We created a new kustomize
overlay that builds on the base
and cluster
layers, but will use the sealed secret. We can hydrate this into vanilla manifests using kustomize build packages/gitlab-agent/sealed-secret > kubernetes/gitlab-agent.yaml
. This configuration does not include any unencrypted, sensitive data. As a result, we can commit it freely using git commit
.
Adopt the agent by the agent
Right now the agent configuration file looks similar to:
gitops:
# Manifest projects are watched by the agent. Whenever a project changes,
# GitLab deploys the changes using the agent.
manifest_projects:
- id: path/to/your/project
default_namespace: gitlab-agent
# Paths inside of the repository to scan for manifest files.
# Directories with names starting with a dot are ignored.
paths:
- glob: 'kubernetes/test_config.yaml'
- glob: 'kubernetes/**/*.yaml'
If we would push the previously hydrated manifests, agentk
would fail applying them complaining about missing inventories. We can easily fix this by temporarily setting a looser inventory policy:
gitops:
# Manifest projects are watched by the agent. Whenever a project changes,
# GitLab deploys the changes using the agent.
manifest_projects:
- id: path/to/your/project
default_namespace: gitlab-agent
inventory_policy: adopt_all
# Paths inside of the repository to scan for manifest files.
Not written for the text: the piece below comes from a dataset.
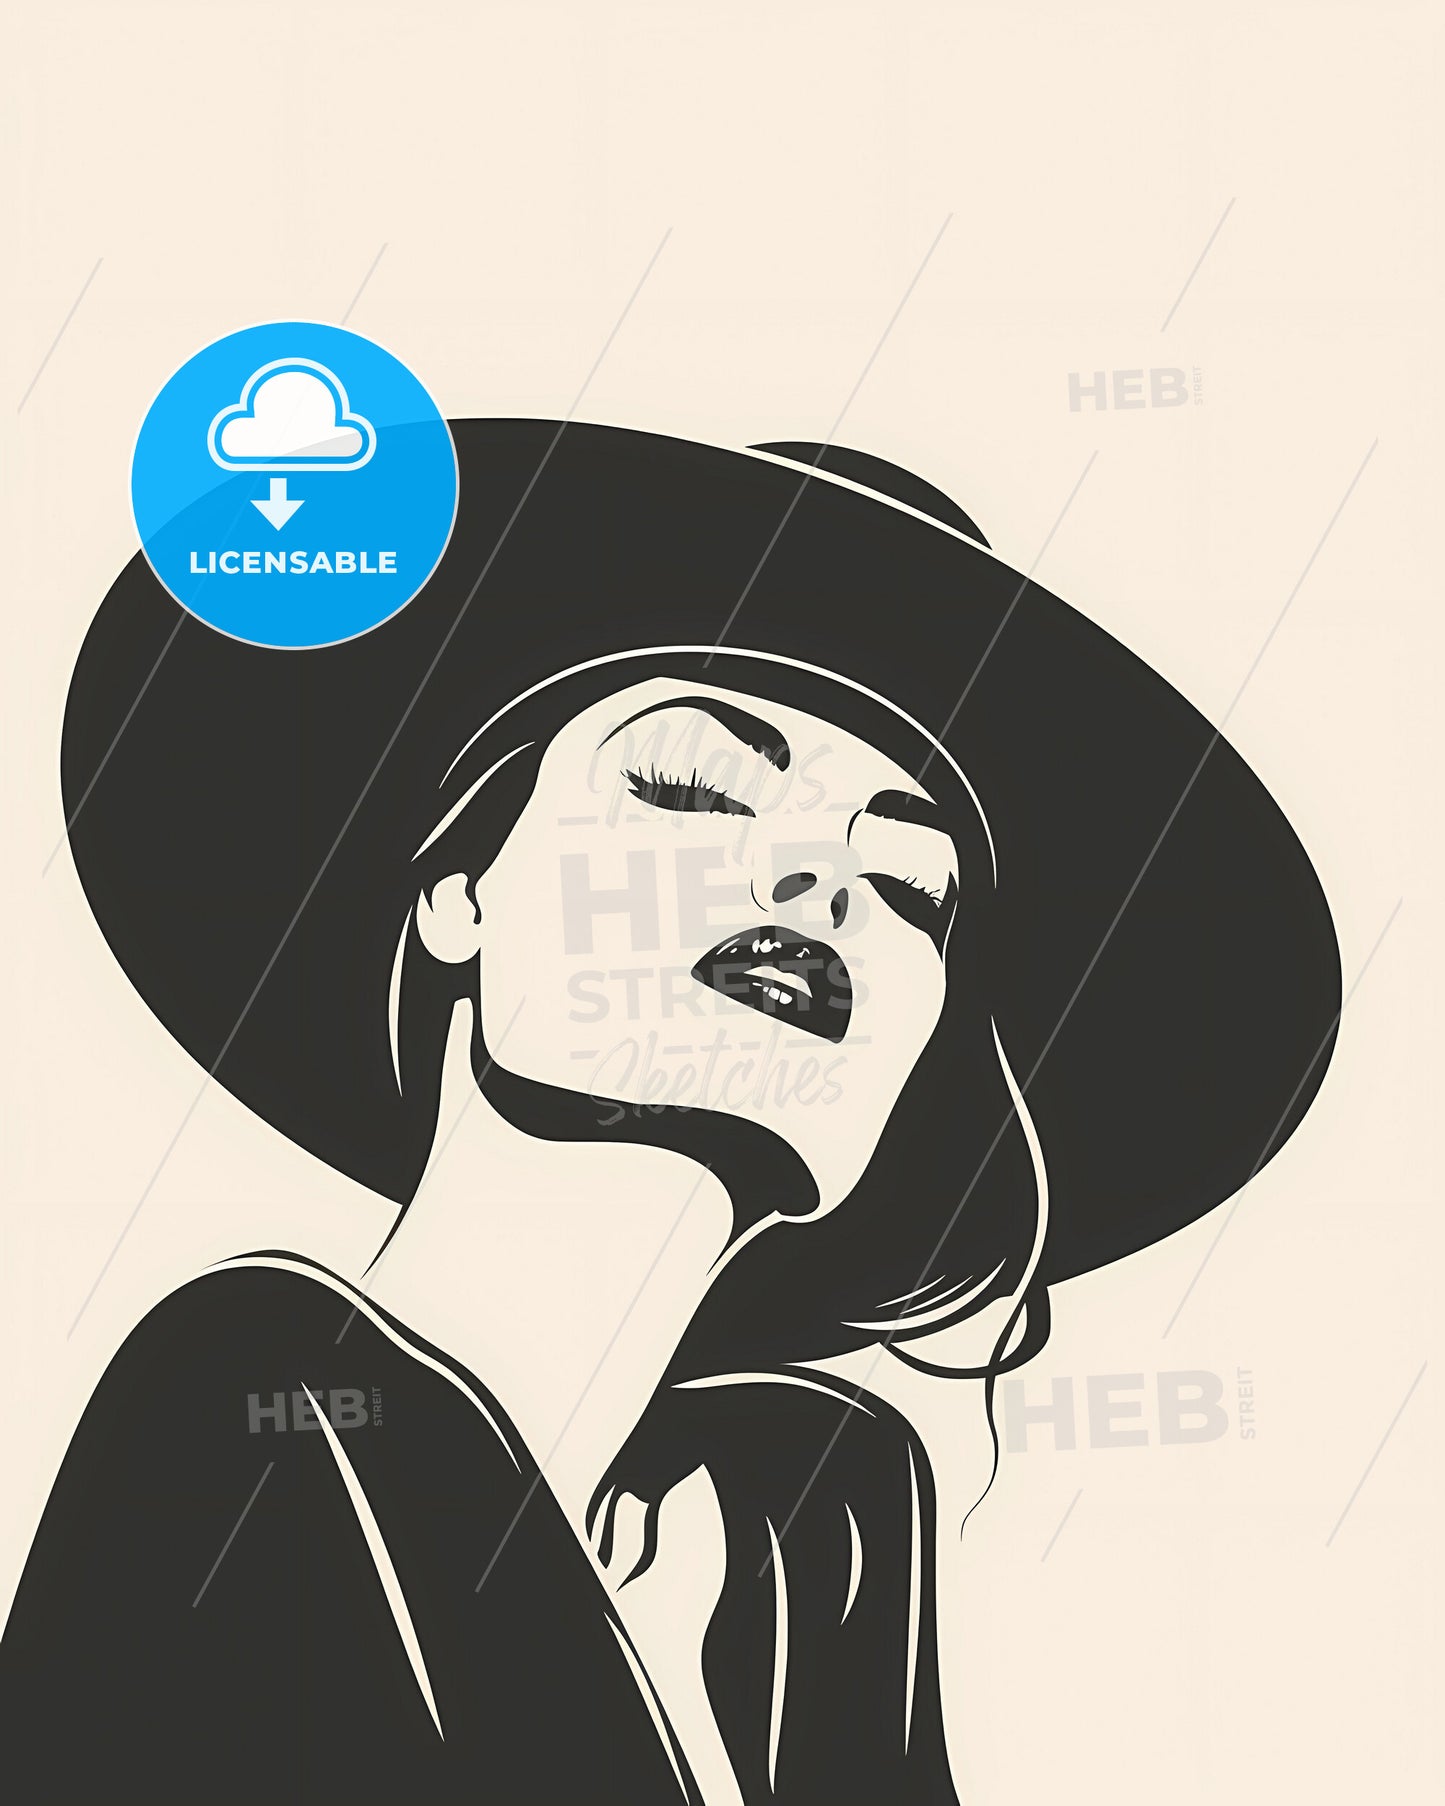 Minimalist Retro Fashion Art Poster: Black and White Illustration of a Hatted Woman

# Directories with names starting with a dot are ignored.
paths:
- glob: 'kubernetes/test_config.yaml'
- glob: 'kubernetes/**/*.yaml'
With the inventory policy configured, we can commit and push our changes to GitLab. The agent will see the new configuration and resources, and will apply them into the cluster. From now on, you can change the code in the repository, push it to git, and the changes will be automatically applied into your cluster.
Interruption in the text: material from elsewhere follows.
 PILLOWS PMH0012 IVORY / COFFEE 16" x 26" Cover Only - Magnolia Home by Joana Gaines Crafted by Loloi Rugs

What are inventory policies?
The GitLab agent for Kubernetes knows about the managed resources using so-called inventory objects. In technical terms, an inventory object is just a ConfigMap
with a unique label. Whenever the agent sees an object that it should manage, it applies the same label. This way, every agent can easily find the resources that it manages.
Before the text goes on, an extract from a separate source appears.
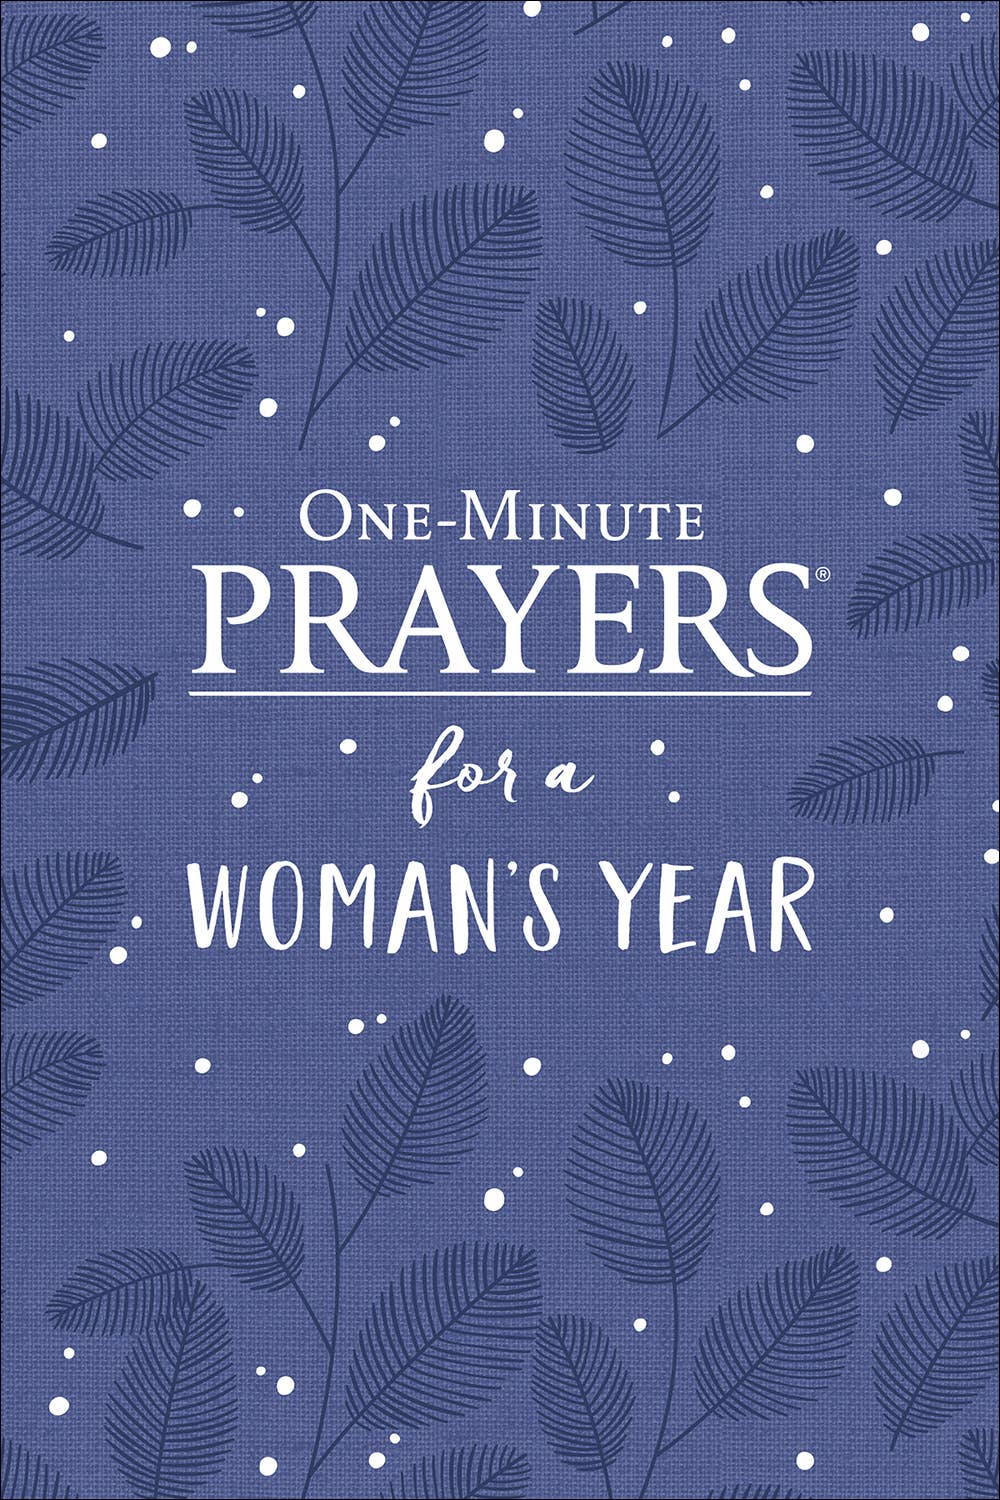 One Minute Prayers for a Woman's Year, Book,  - Prayer

You can read more about the possible inventory policy configurations in the documentation.
A word about RBAC
Depending on the authorization rights given to the agentk
deployment, not every change might be possible. For example, if you would like to create new ClusterRole
and ClusterRoleBinding
in a new kustomize
overlay, and apply that with the Agent, that might fail. It will fail, if your current role-based access control (RBAC) does not allow your agentk
deployment to create these resources. In this case, you should either provide higher rights to your agentk
service account first or you should apply the changes manually from your command line.
Automatic hydration
Now, if you want to change something in your agent deployment, you need to take two actions:
- change the code in the
kpt
package - run
kustomize build
to hydrate the results
Let's automate the second step so you can focus on your main job only. Following the setup of a GitOps-style Auto DevOps pipeline, we need to extend the hydrate-packages
job:
hydrate-packages:
...
script:
- mkdir -p new_manifests
...
- kustomize build packages/gitlab-agent/sealed-secret > new_manifests/gitlab-agent.yaml
We can re-use all the other automation as presented in the previous articles.
How to upgrade agentk
?
Just to provide a practical example, let's see how we can use the above setup to easily upgrade an agentk
deployment to a newer version.
By running kustomize cfg set packages/gitlab-agent agent-version v14.9.1
we set the intended agentk
version to be version 14.9.1
. You can commit and push this change to git, and lay back in your chair to see how the changes are being rolled out across your clusters. You can point several agent configurations at the same kubernetes/gitlab-agent.yaml
manifest, and upgrade all of them at once.
Recap
In this article we have seen:
- how to turn an Agent deployment to manage itself
- how to extend the default
kpt
project with a customkustomize
overlay to customize theagentk
deployment - how to easily upgrade a set of
agentk
deployments - how to pull already existing objects to be managed by the Agent using inventory policies
Note: This is the final installment in this series of how to do GitOps with GitLab.